Veeam Kasten can be integrated with Red Hat Advanced Cluster Management (ACM) Observability Service to provide centralized monitoring across your Red Hat OpenShift fleet. This integration leverages Prometheus remote_write to push metrics from the K10 cluster to the ACM Hub.

Prerequisites

Red Hat ACM installed on the Hub cluster.
MultiClusterObservability enabled and configured on the ACM Hub.
- For detailed instructions, refer to the Red Hat ACM Observability documentation.
Veeam Kasten installed (or ready to be installed) on the Managed Cluster.

Step 1: Configure ACM Observability

Ensure that the ACM Observability service is running and gather the necessary connection details.

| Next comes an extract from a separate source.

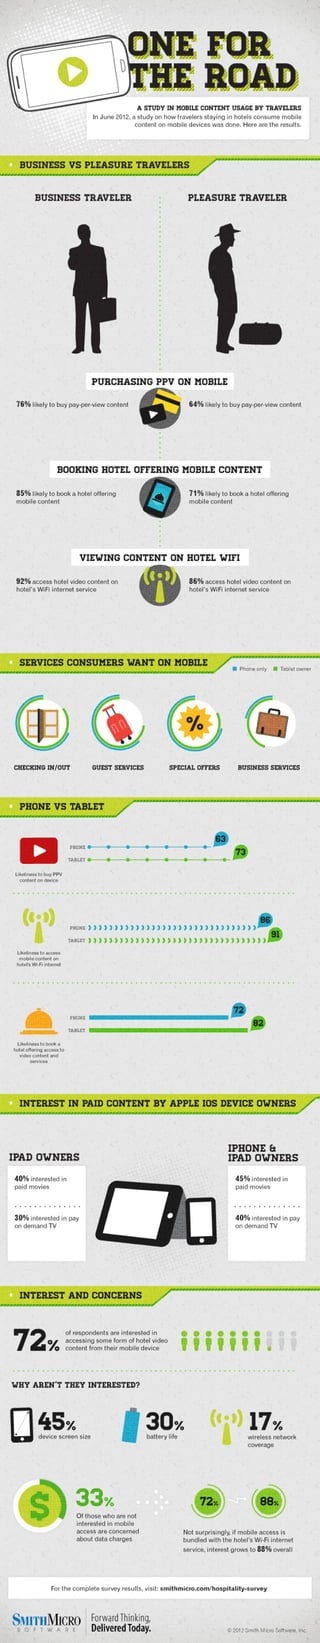 Hospitality Survey 2012 Infographic

You can verify service availability and retrieve configurations details either through the Red Hat ACM UI or via the CLI as described below.

Retrieve Configuration via Web Console

Verify Installation:
- Log in to your OpenShift Console on the Hub Cluster.
- Ensure you are in the local-cluster view.
- Click Search in the left navigation menu.
- In the Resources dropdown, type and select MultiClusterObservability.
- Click on the observability resource instance.
- Ensure the status is Ready.
Find the Tenant ID:
- Navigate to Infrastructure > Clusters.
- Select the local-cluster (the Hub cluster).
- On the Overview tab, locate the Cluster ID. This is your Tenant ID.
Find the Thanos Receive Endpoint:
- Ensure you are in the local-cluster view.
- Navigate to Networking > Routes.
- Select the project open-cluster-management-observability.
- Locate the observatorium-api route.
- The Location column contains the base URL. Append /api/v1/receive to this URL to form the complete endpoint.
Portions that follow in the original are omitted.